In the age of electronic documents and cloud storage, one thing remains tangible at Kenyon: the Matriculation Book.
Three leather-bound books, tucked into protective boxes, are housed in the vault in the Greenslade Special Collections and Archives in Chalmers Library. Each year, they’re brought out for all first-year students to sign on Founders’ Day.
The first book, with its thick pages yellowing at the edges, contains the fading handwritten script of then-president David Bates Douglass’ speech launching the rite of matriculation, or the official admission into Kenyon. Following that speech on July 17, 1841, which called the conditions of matriculation “wholly of a moral character,” students signed the book, pledging their allegiance to their alma mater.
Today, almost 24,000 students have signed the book. The first volume contains signatures from 1841 through 1956, and the second volume covers 1957 through 2010. A third volume, now less than a quarter full, was started in 2011.
“They’re beautiful,” said Tom Stamp ’73, College historian and keeper of Kenyoniana. “They’re like Kenyon family bibles.”

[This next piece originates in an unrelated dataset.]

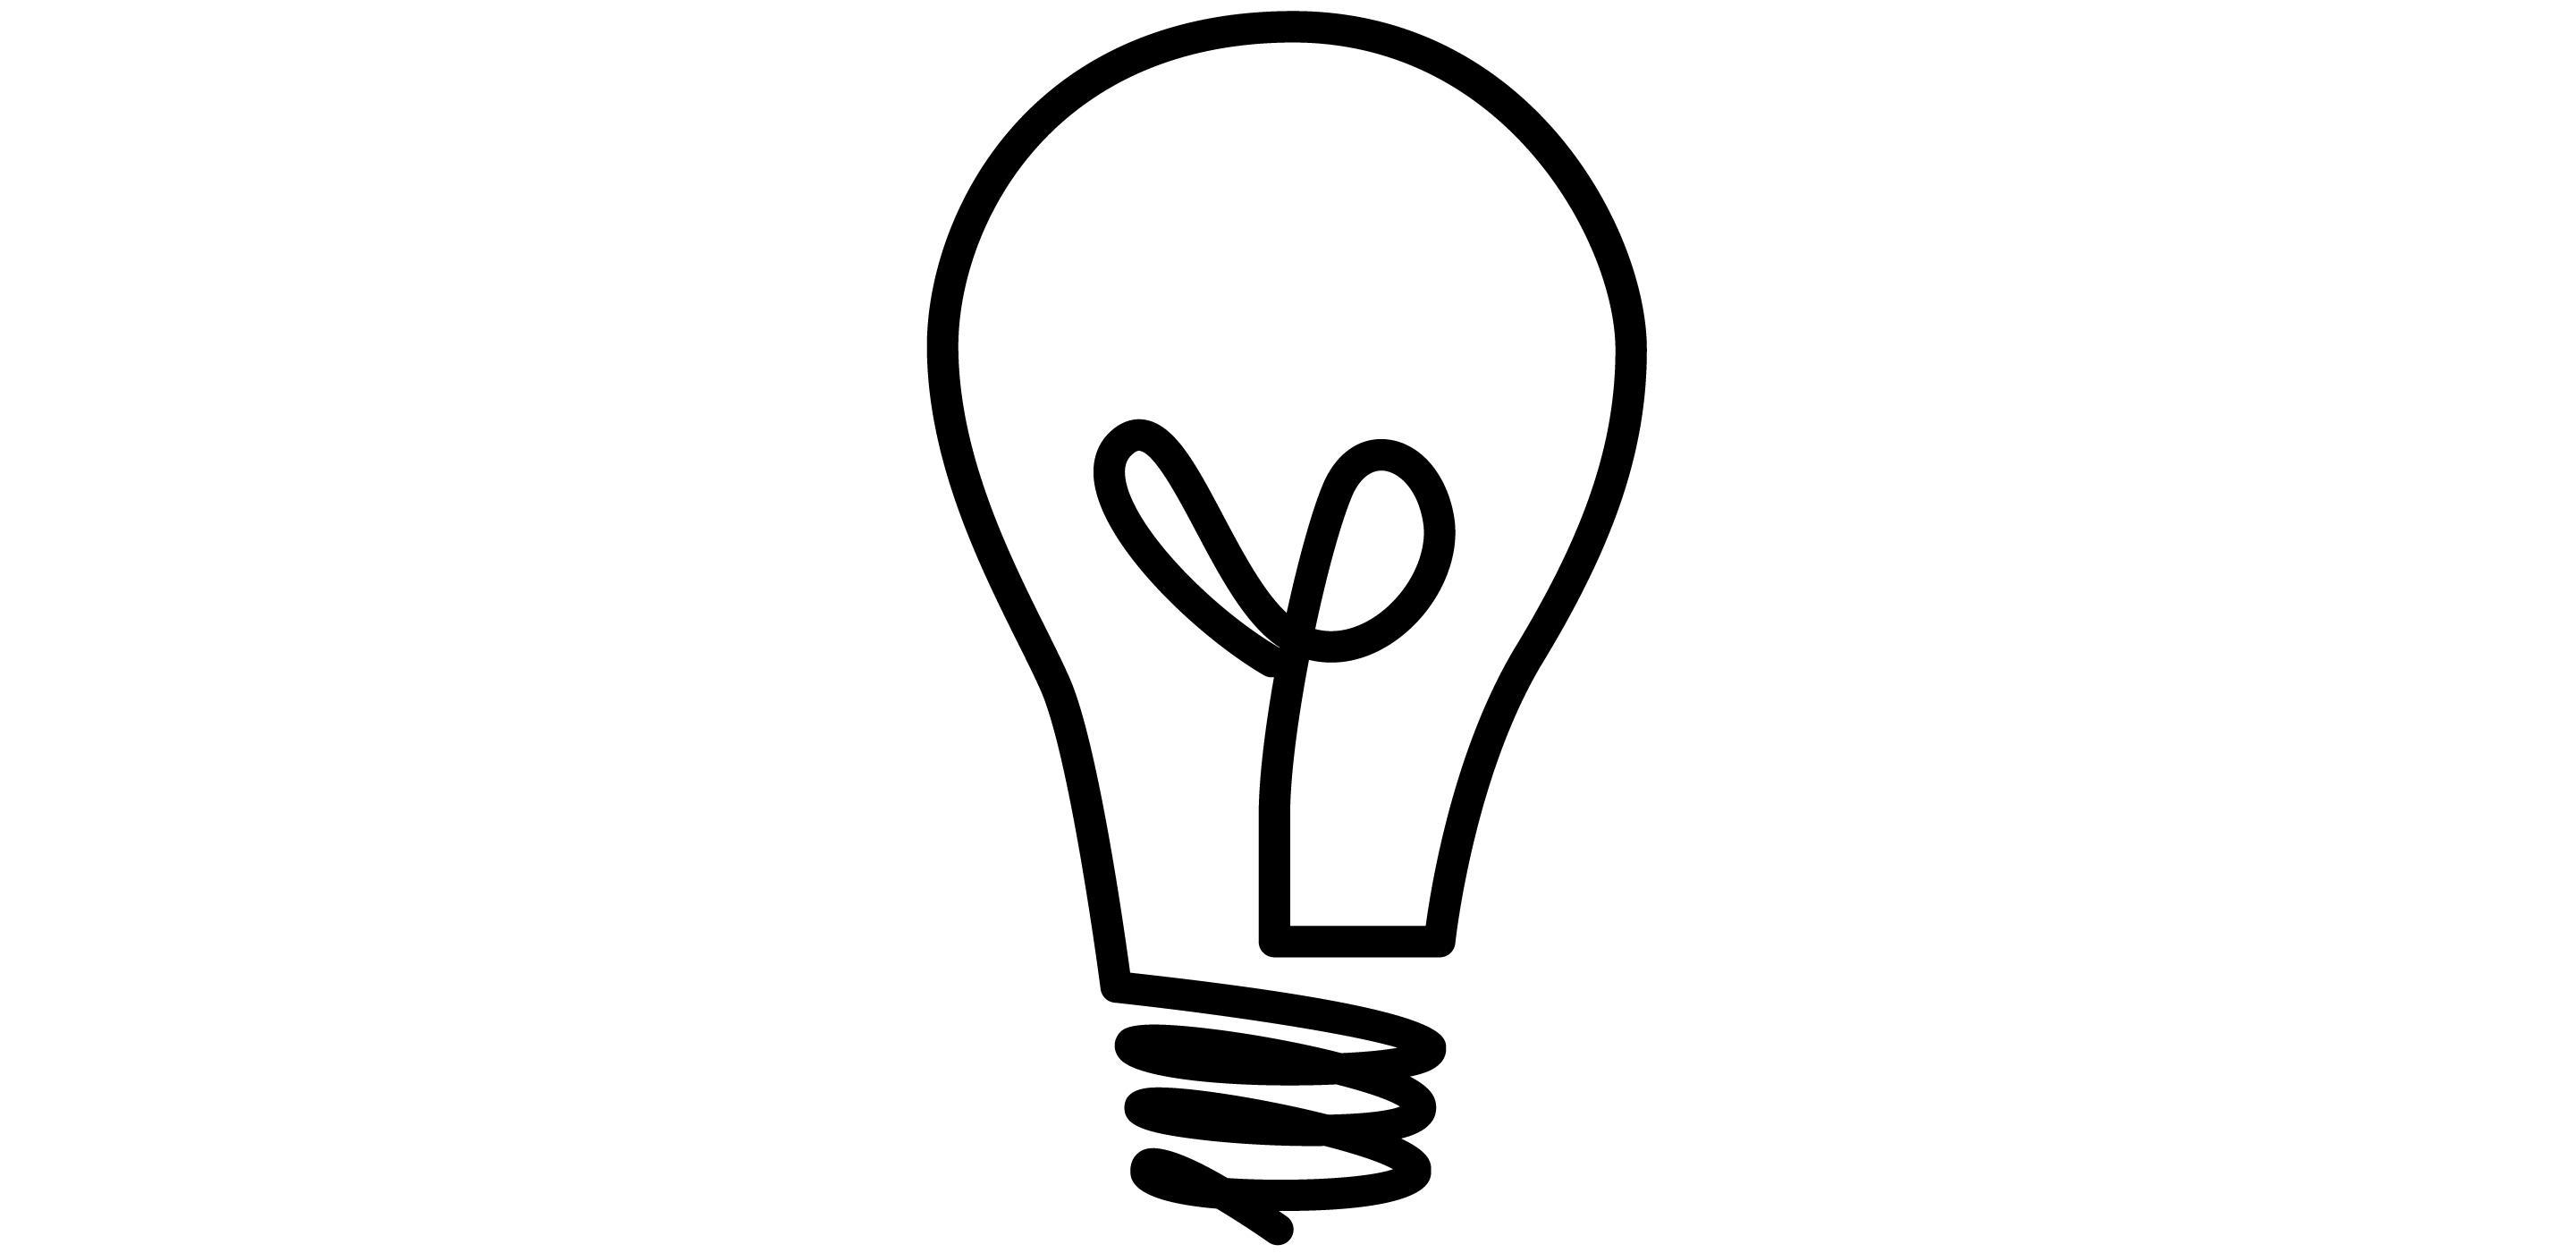 Lightbulb light bulb.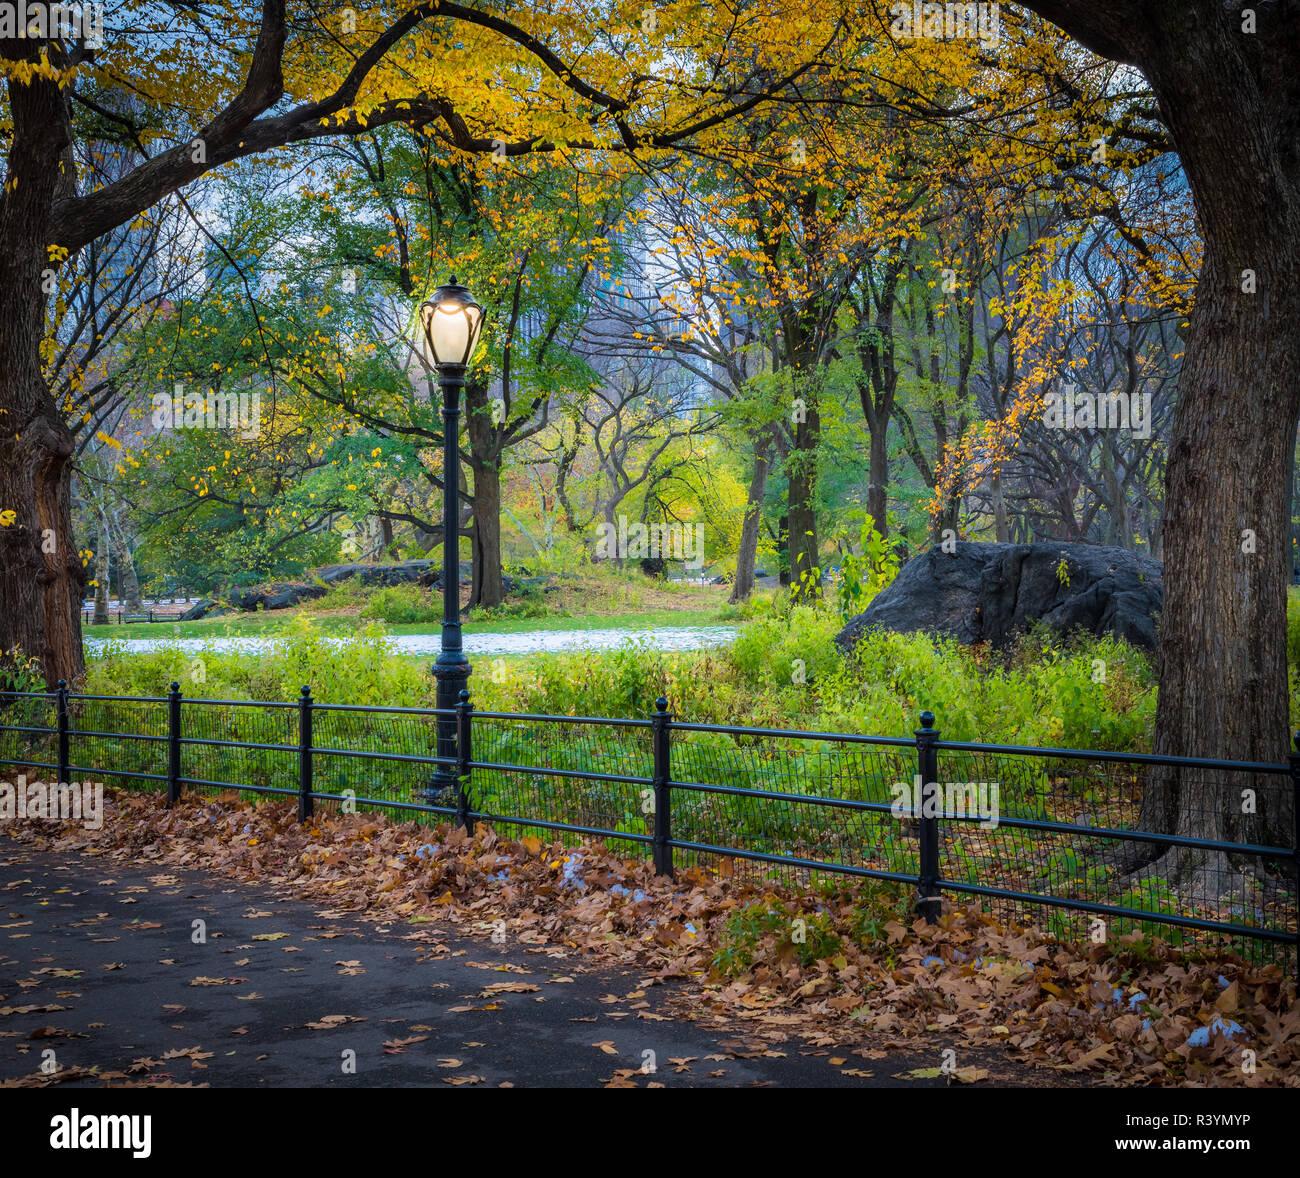 Bethesda Fountain et terrasse donnent sur le lac, à New York City's Central Park. La fontaine est situé dans le centre de la terrasse. Bethesda Terrac Banque D'Images

Signing the book never has been a condition of graduation, Stamp said. Many students do not sign while enrolled for various reasons but come back later to do so. One of the most famous late signers was best-selling author John Green ’00, who missed adding his signature because he was busy writing on Founders’ Day in 1996. He signed the book in 2014 when he was on campus to give a talk. His signature is one of the most requested to view along with those of Rutherford B. Hayes, Class of 1842, Paul Newman ’49 H’61 and E.L. Doctorow ’52 H’76.
The book rarely leaves the archives, but it is brought out on several occasions in addition to Founders’ Day — for Family Weekend, Reunion Weekend and Commencement. The book also can be viewed by appointment. “We have guests a few times a week,” said Abigail Tayse, the College archivist.
Today, students use special pens with acid-free ink that won’t degrade the paper, so signatures won’t fade as the text of Bates Douglass’ speech has. And even though they are allowed to practice signing their names before recording them among all the others, a few students every year still make mistakes, Tayse says. The most common? “They misspell their names.”